- _Provided material_:
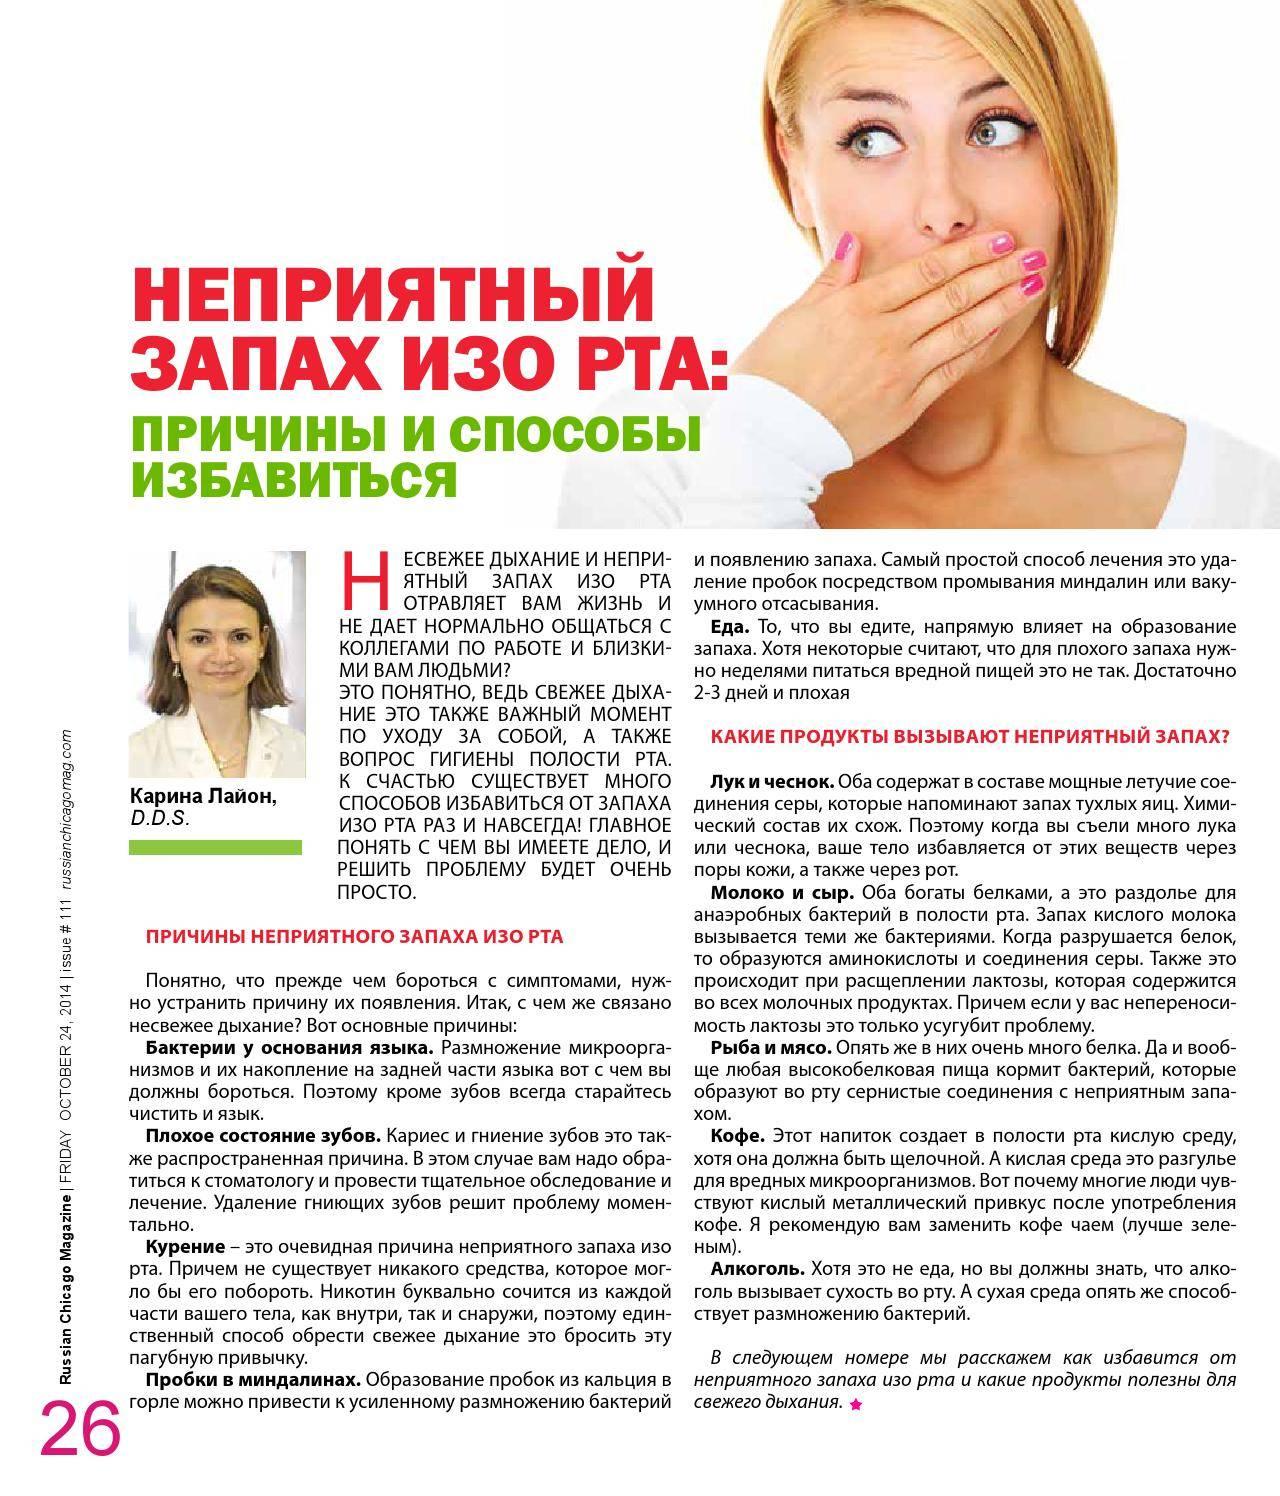 Запах изо рта от желудка: лечение народными средствами и лекарствами в домашних условиях
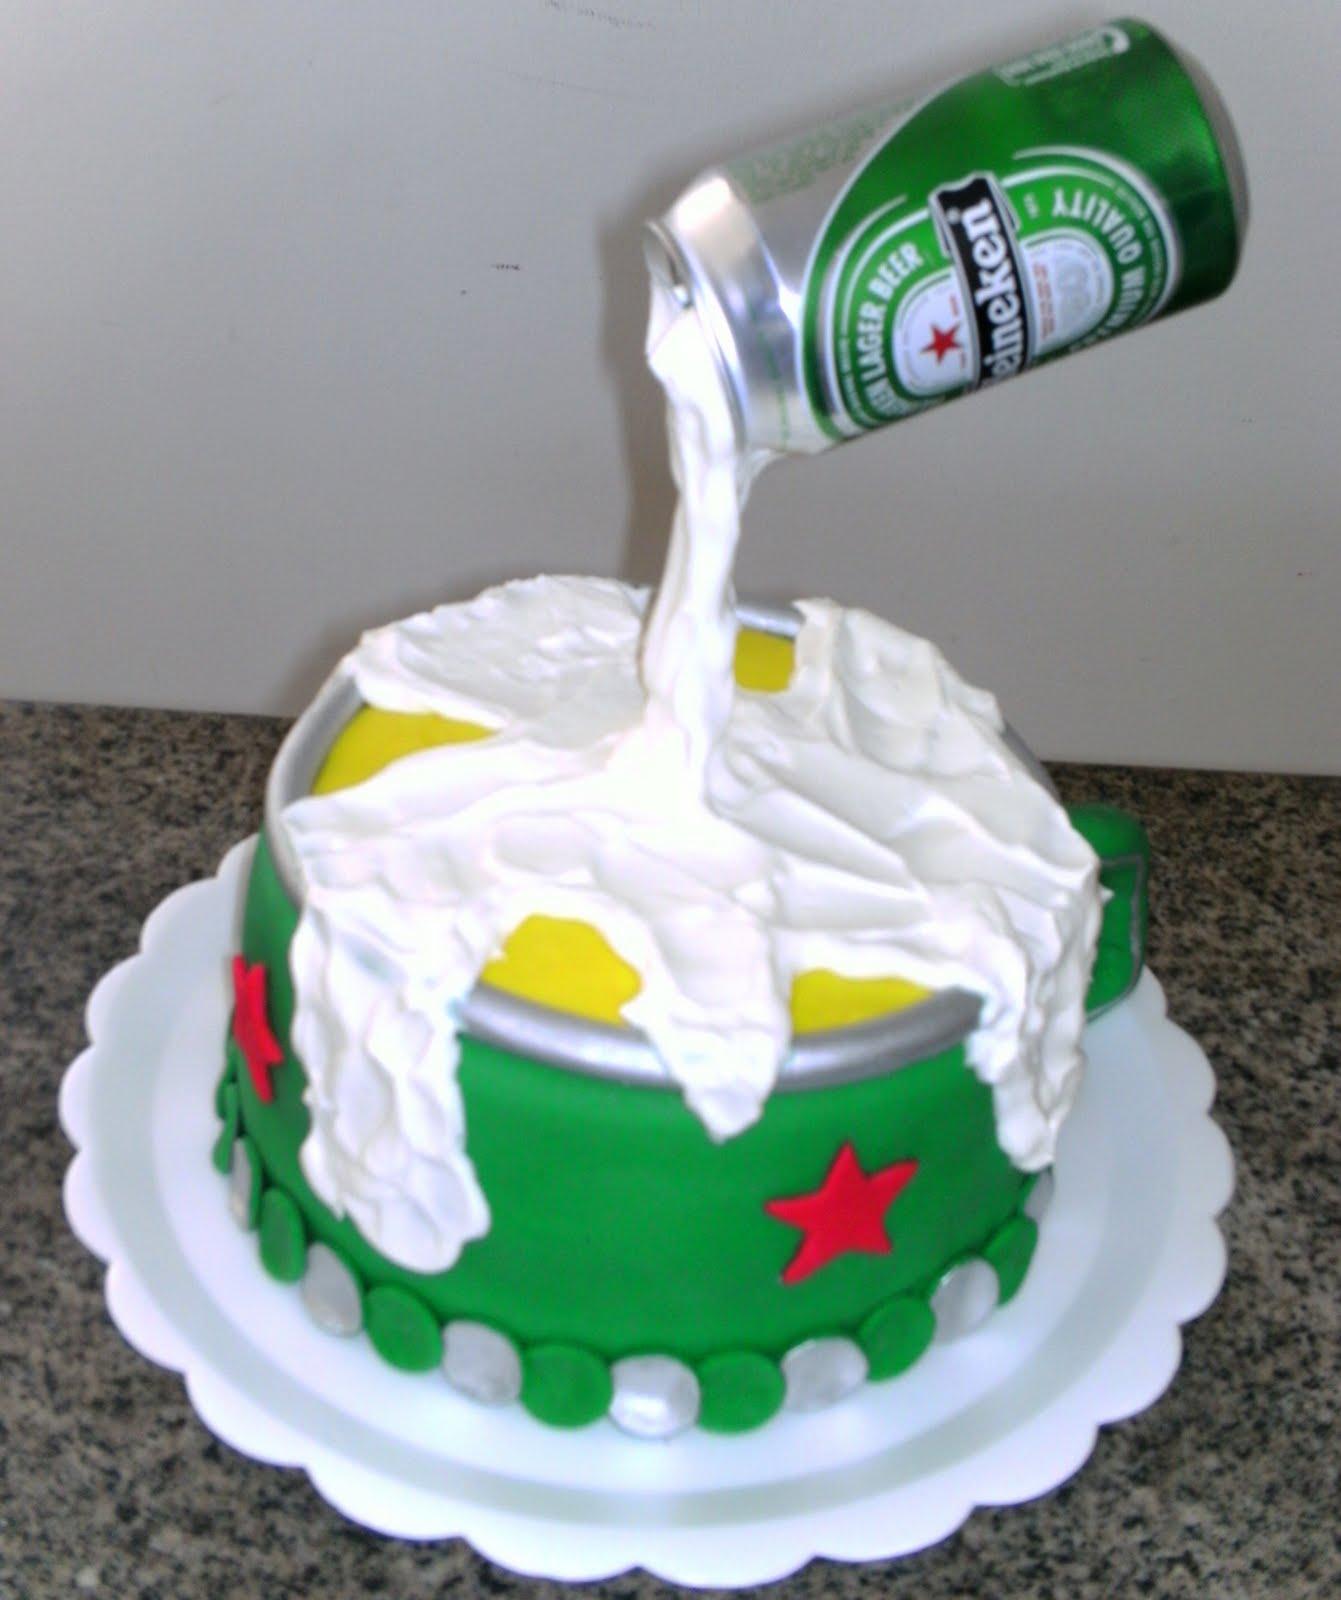 Muito Botique de Bolos: Bolo lata da cerveja heineken BI65
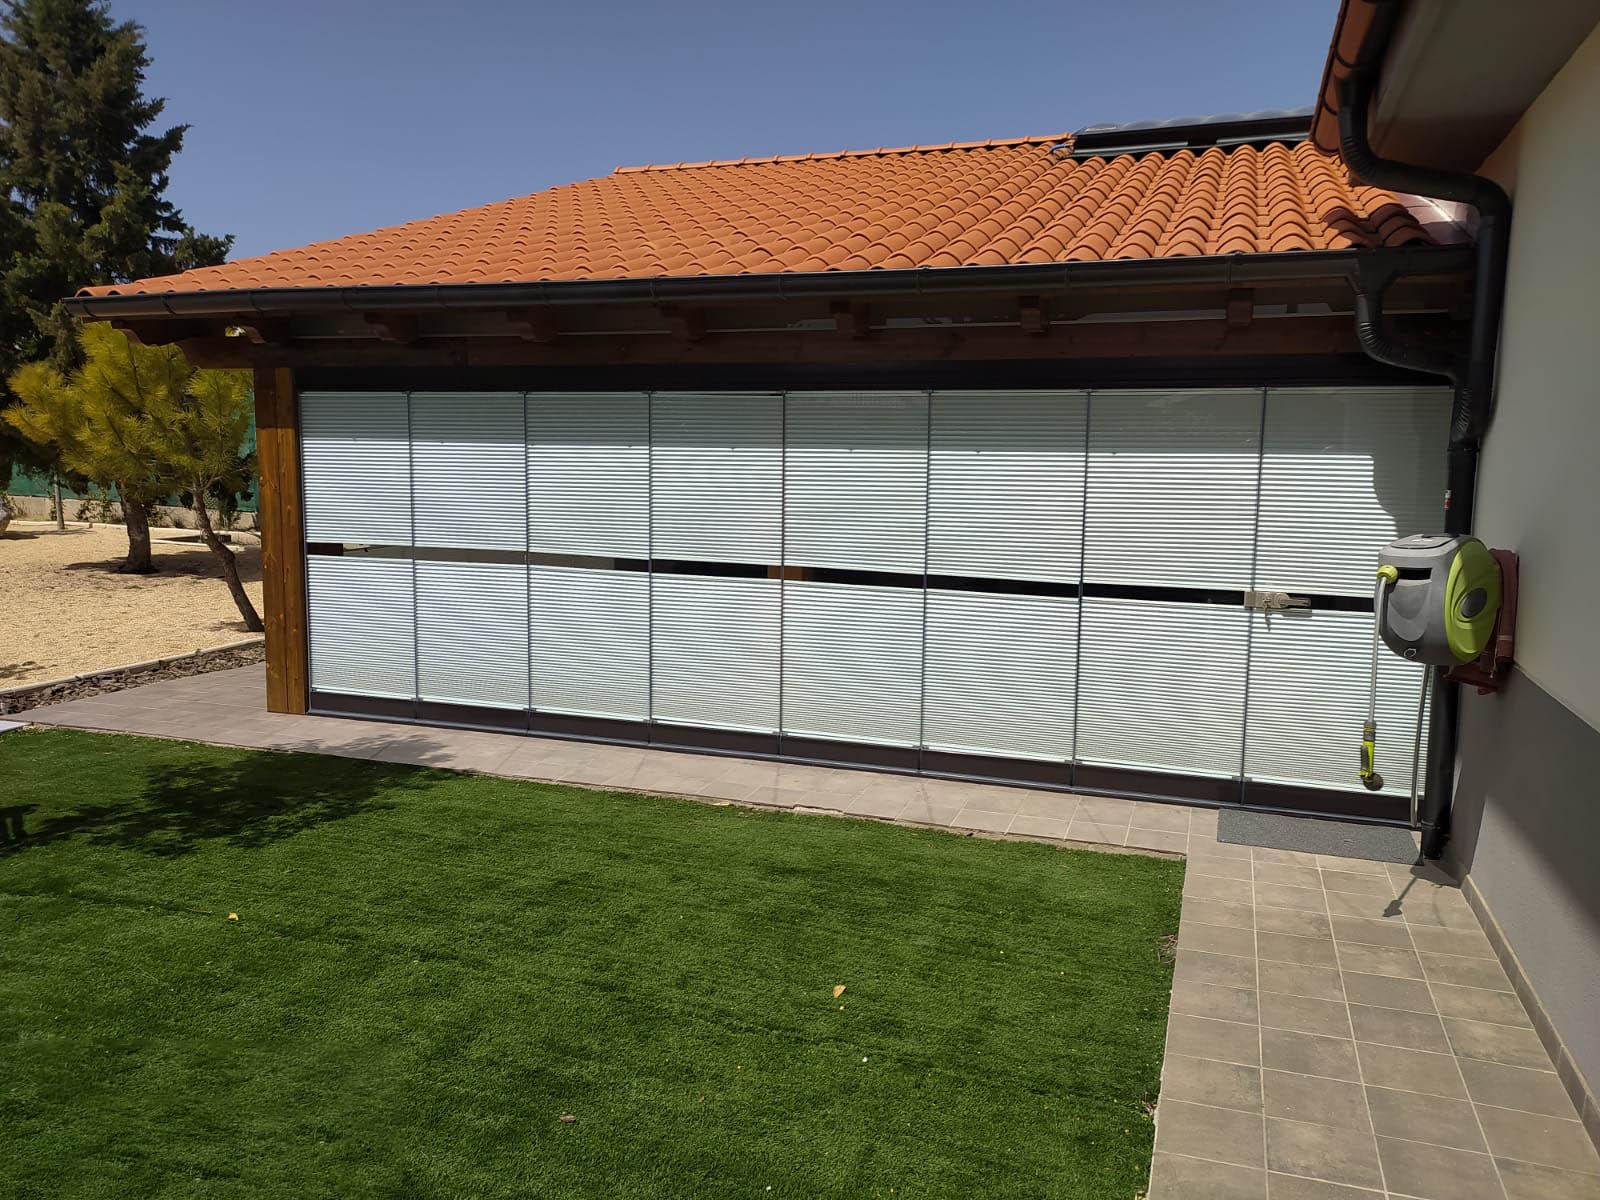 Cortinas de cristal con toldo en cubierta de porche de obra
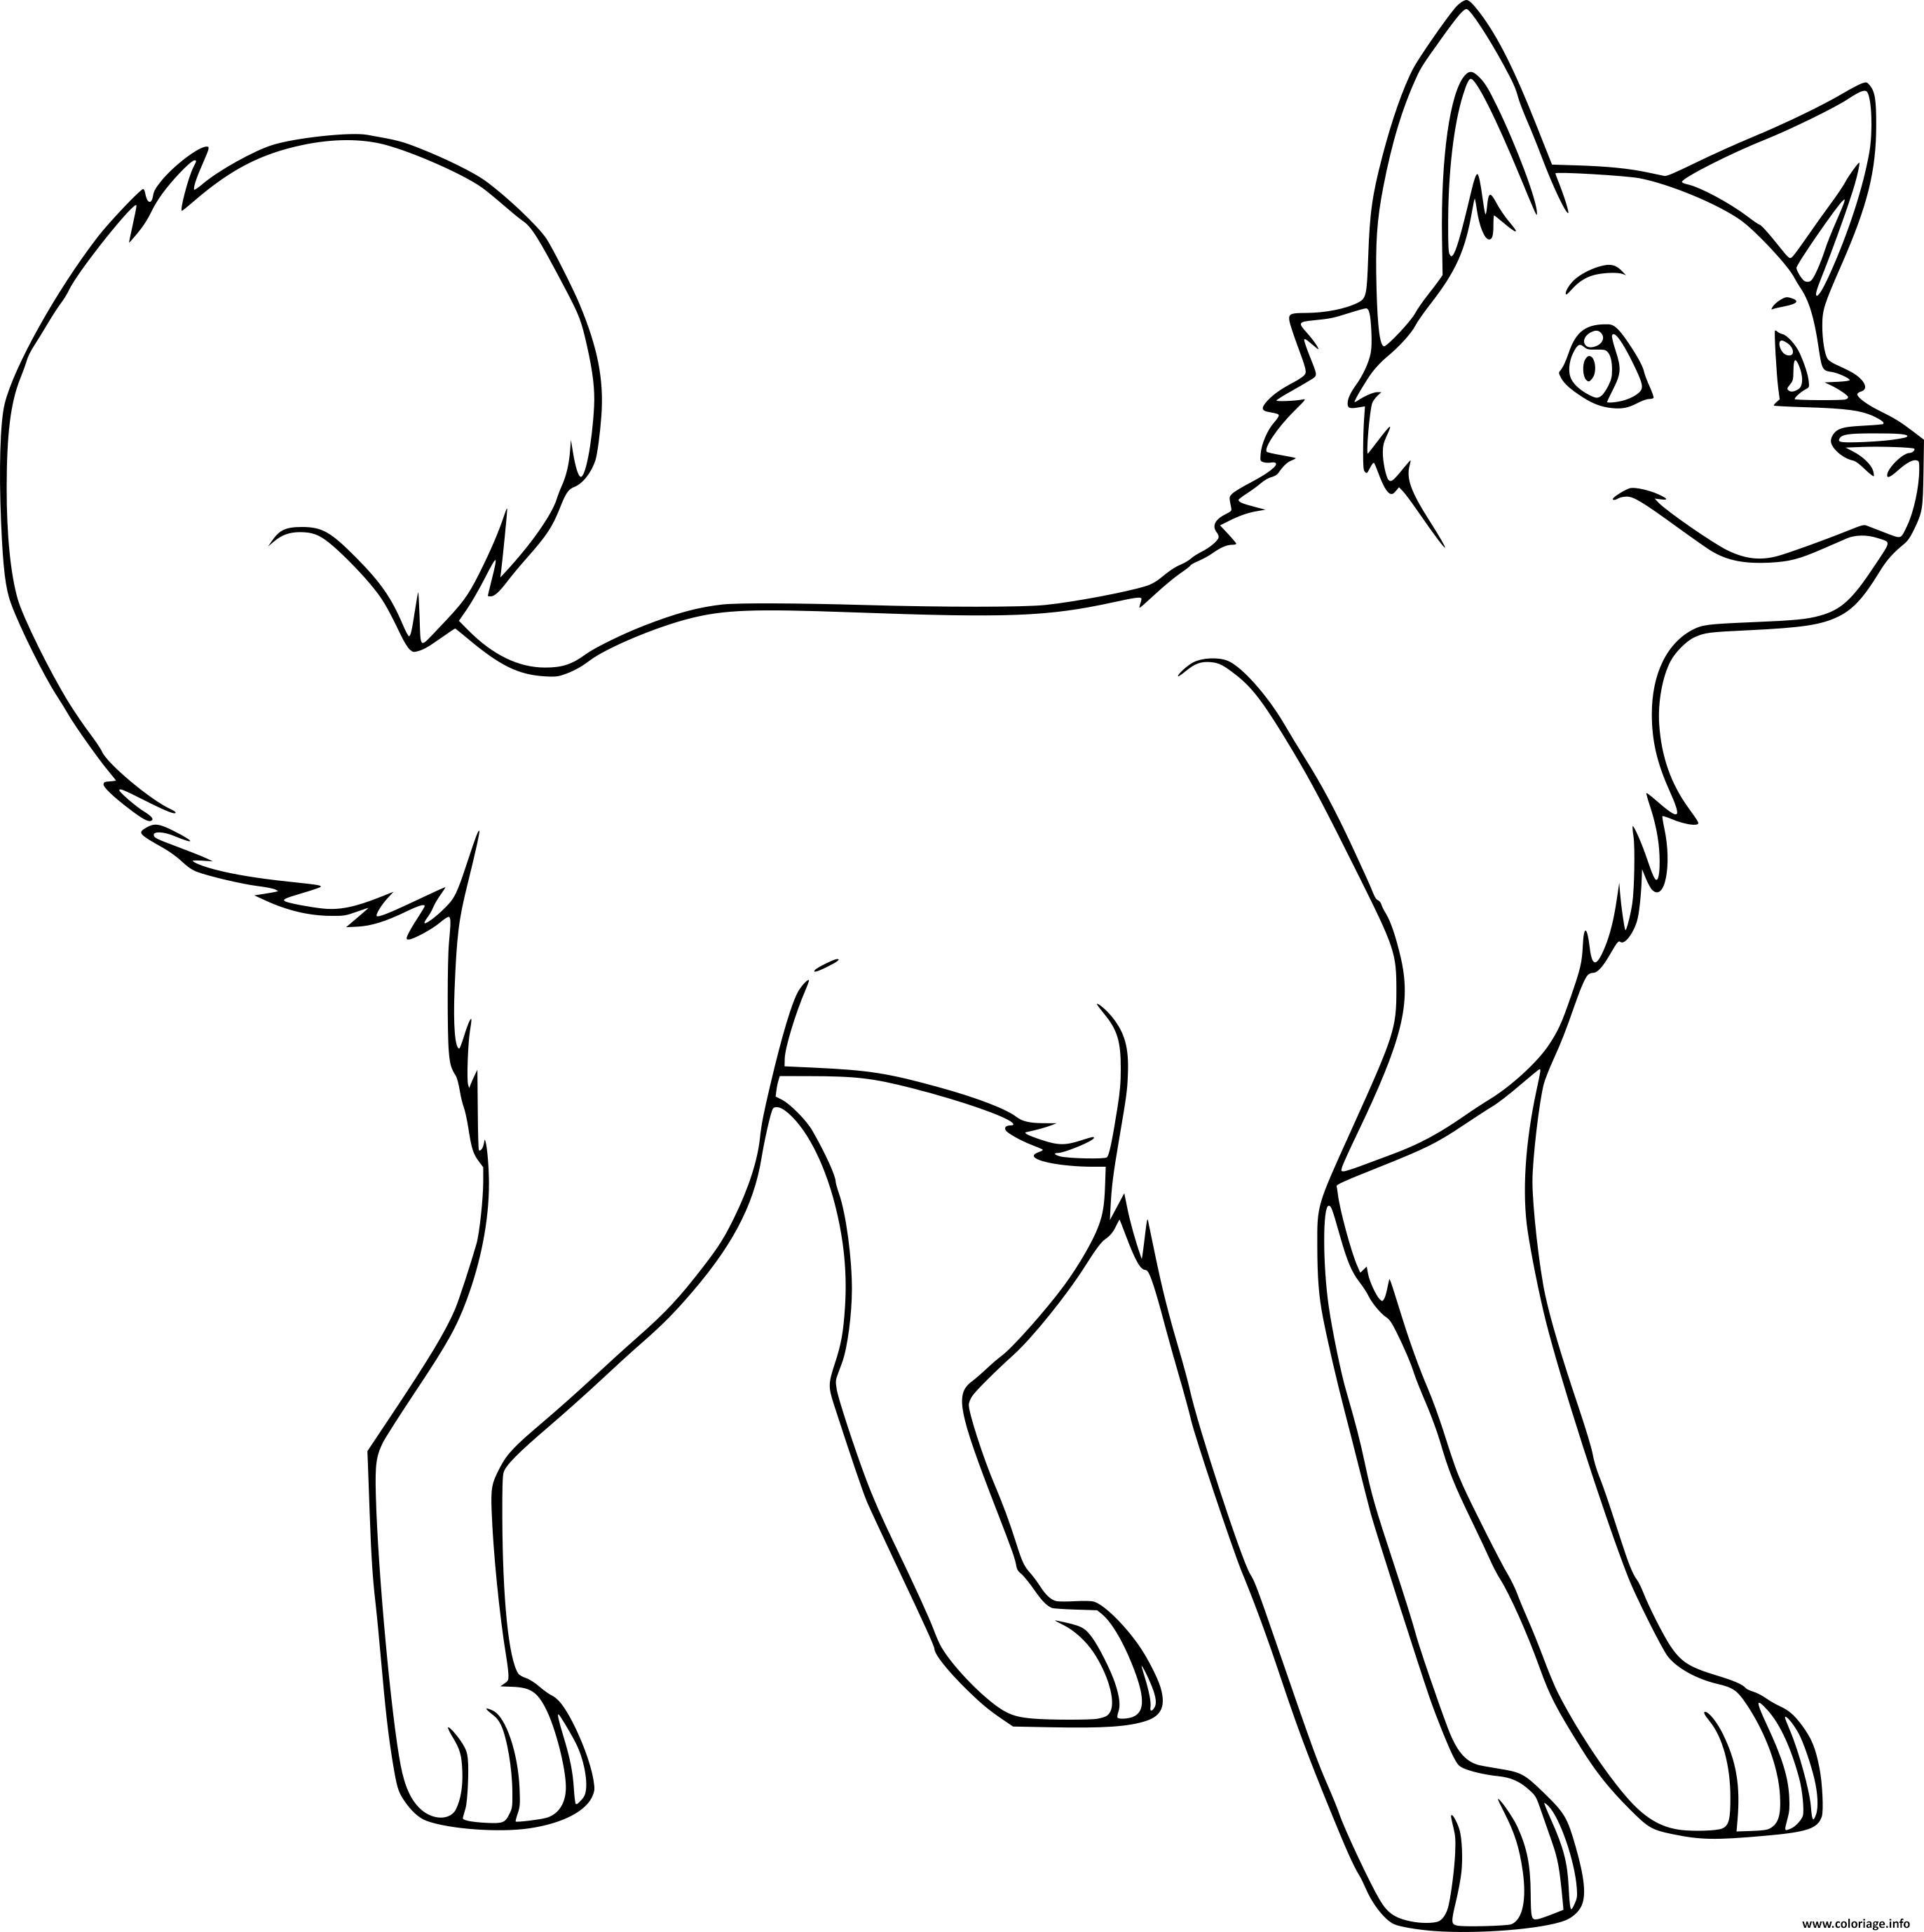 Coloriage Chien Husky Adorable dessin

- _Task to complete_:
When you repeat the material, keep every word exact and drop the pictures.

- _Completed exercise_:
 Запах изо рта от желудка: лечение народными средствами и лекарствами в домашних условиях
 Muito Botique de Bolos: Bolo lata da cerveja heineken BI65
 Cortinas de cristal con toldo en cubierta de porche de obra
 Coloriage Chien Husky Adorable dessin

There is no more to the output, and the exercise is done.